#### Available data ####

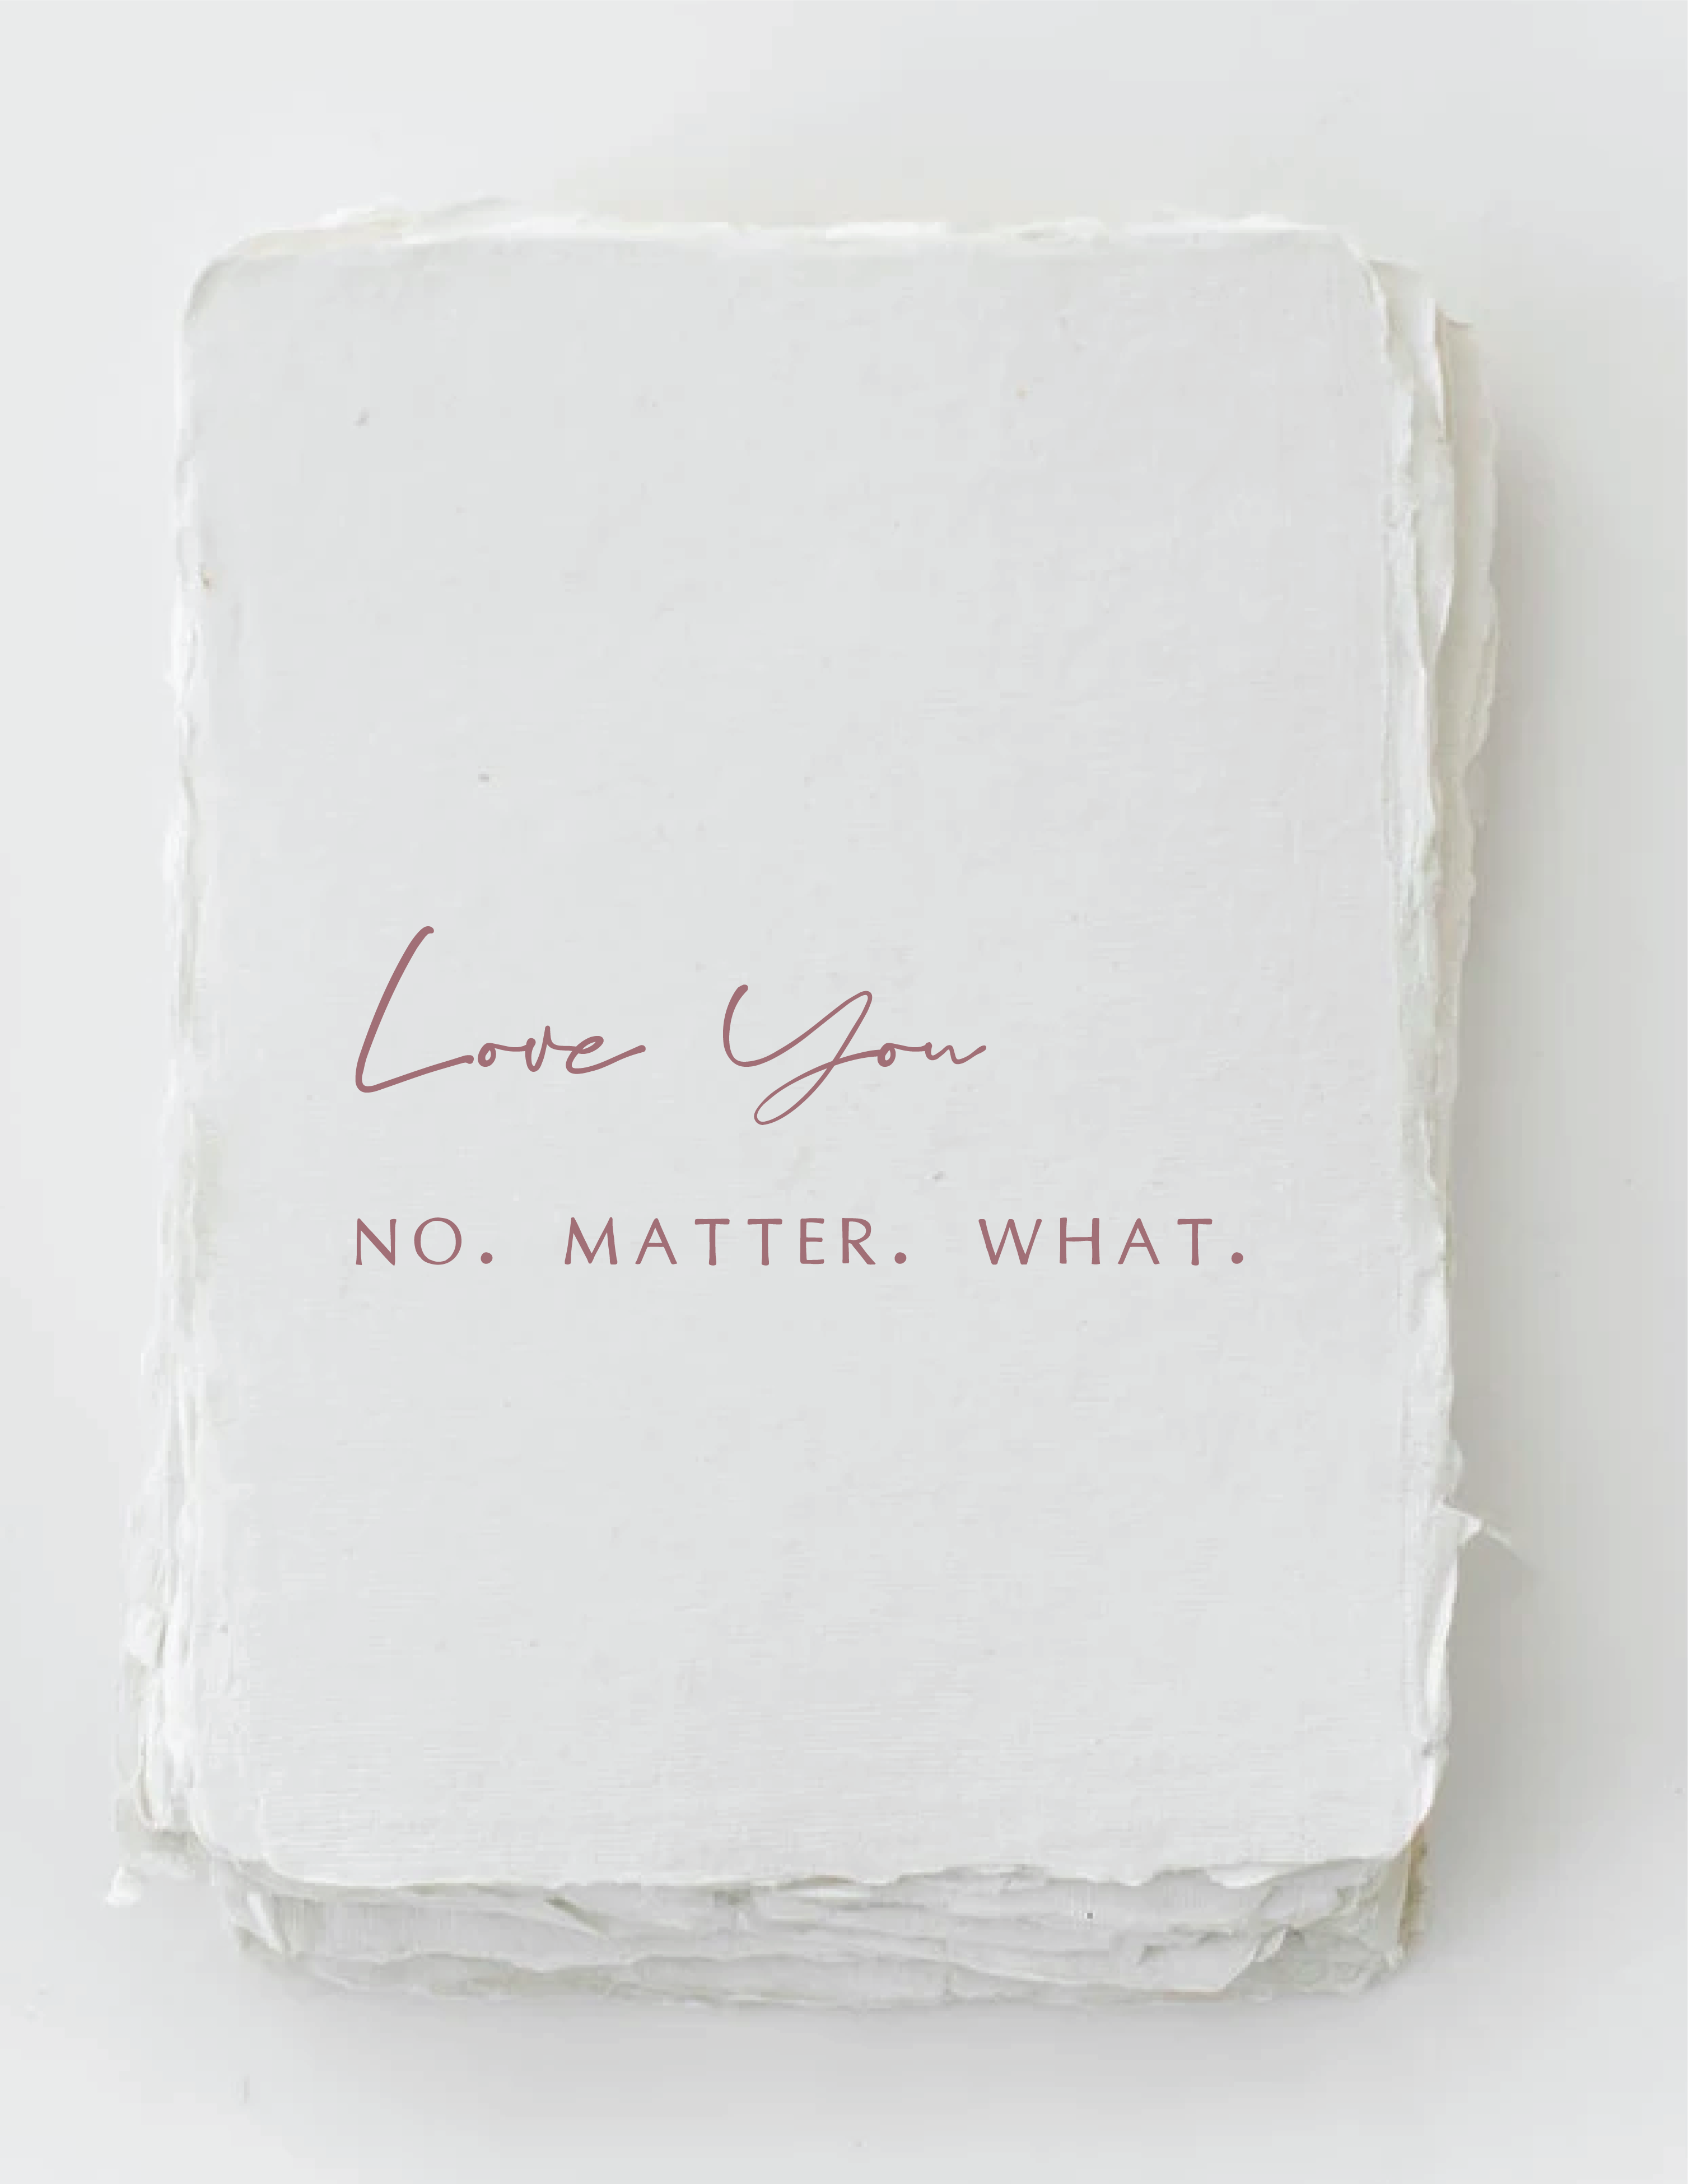 "Love you. No. Matter. What." Love Friend Greeting Card
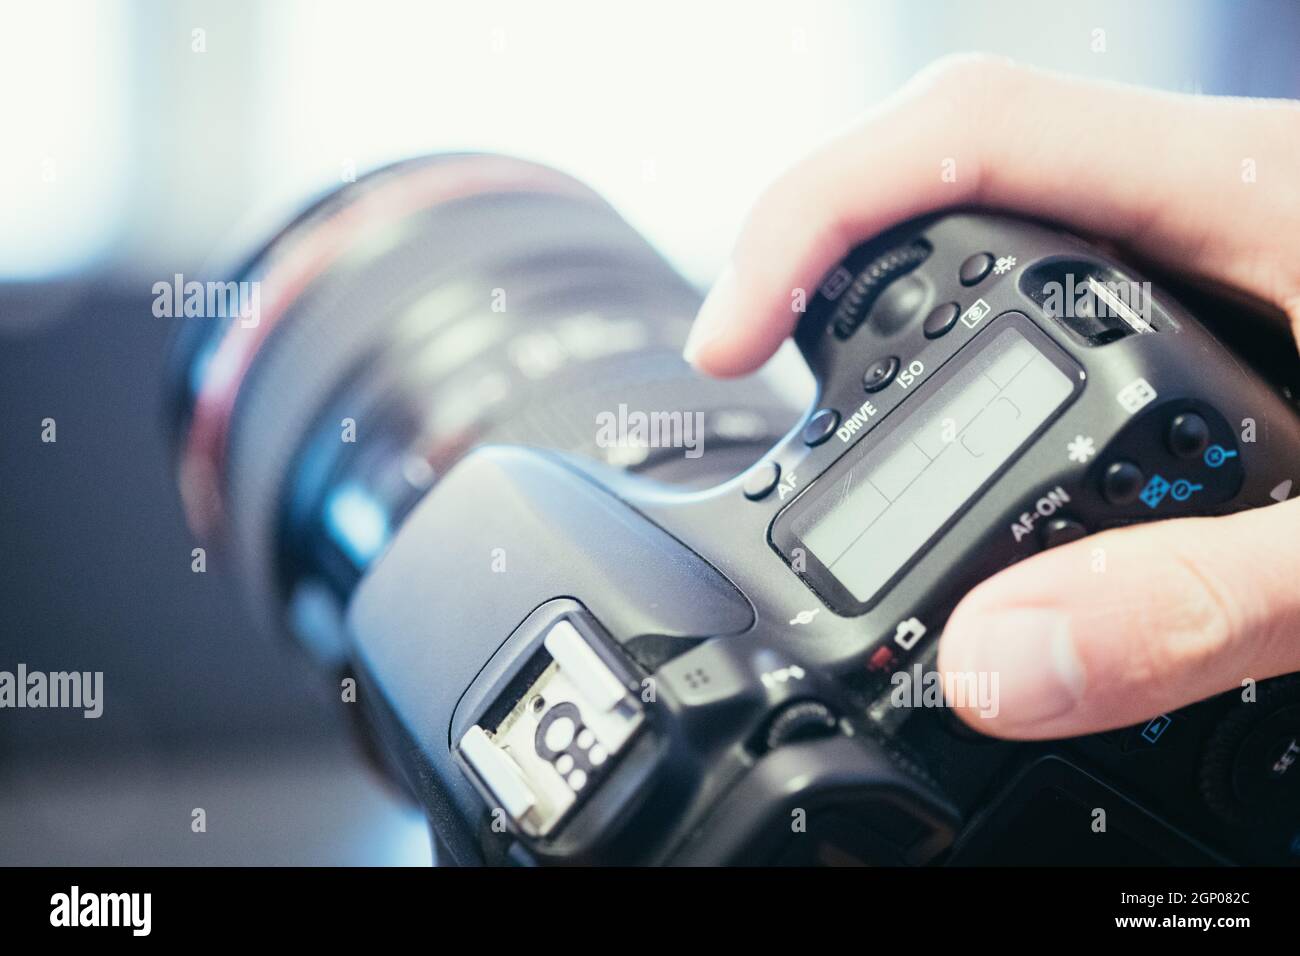 Photographer is holding a professional camera with telephoto lens in his hand, laptop in the blurry background Stock Photo
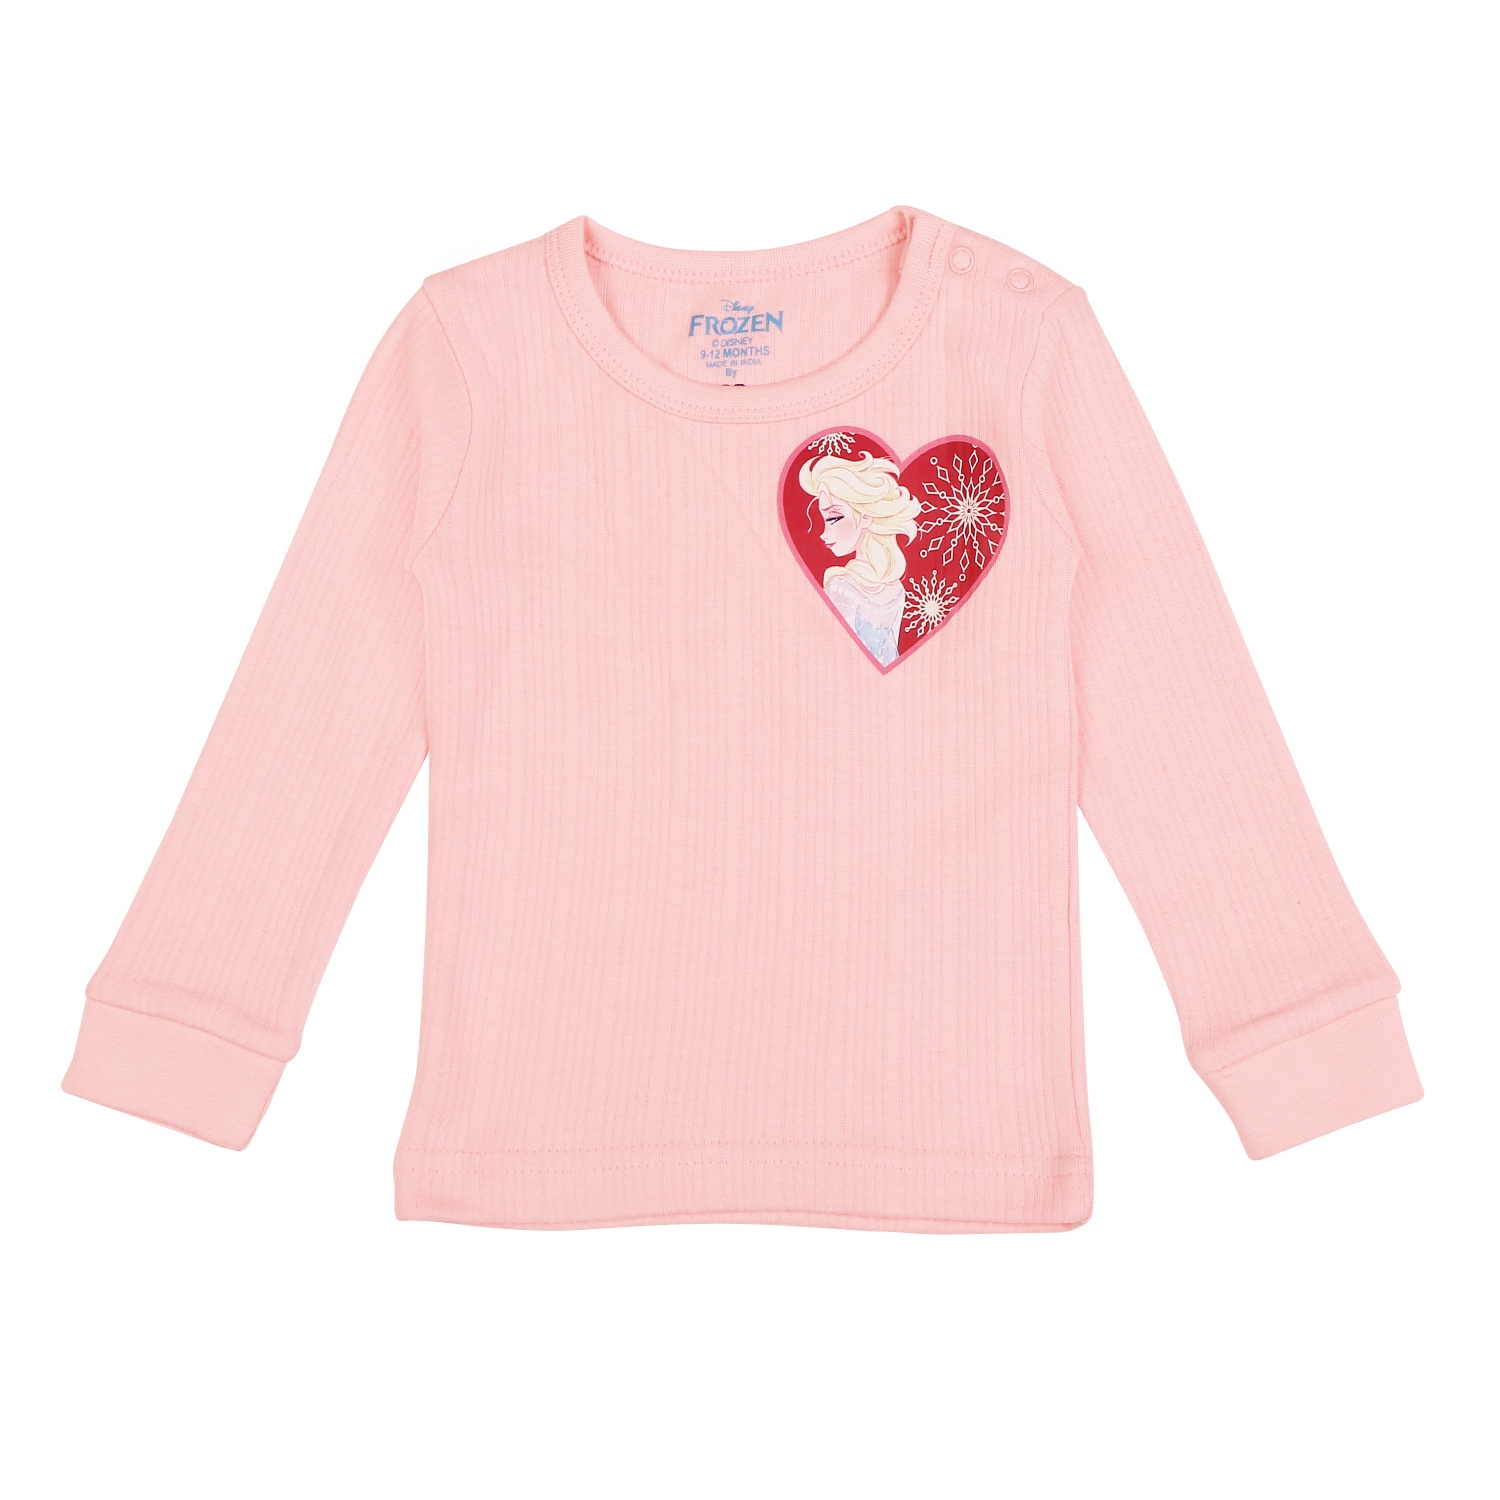 Mothercare | Girls Full Sleeves Frozen Thermal Vest-Pink

####

§ **Try it**: Word for word, reproduce all the data, but not the pictures.

§ **Task response**:
 "Love you. No. Matter. What." Love Friend Greeting Card
 Photographer is holding a professional camera with telephoto lens in his hand, laptop in the blurry background Stock Photo
 Mothercare | Girls Full Sleeves Frozen Thermal Vest-Pink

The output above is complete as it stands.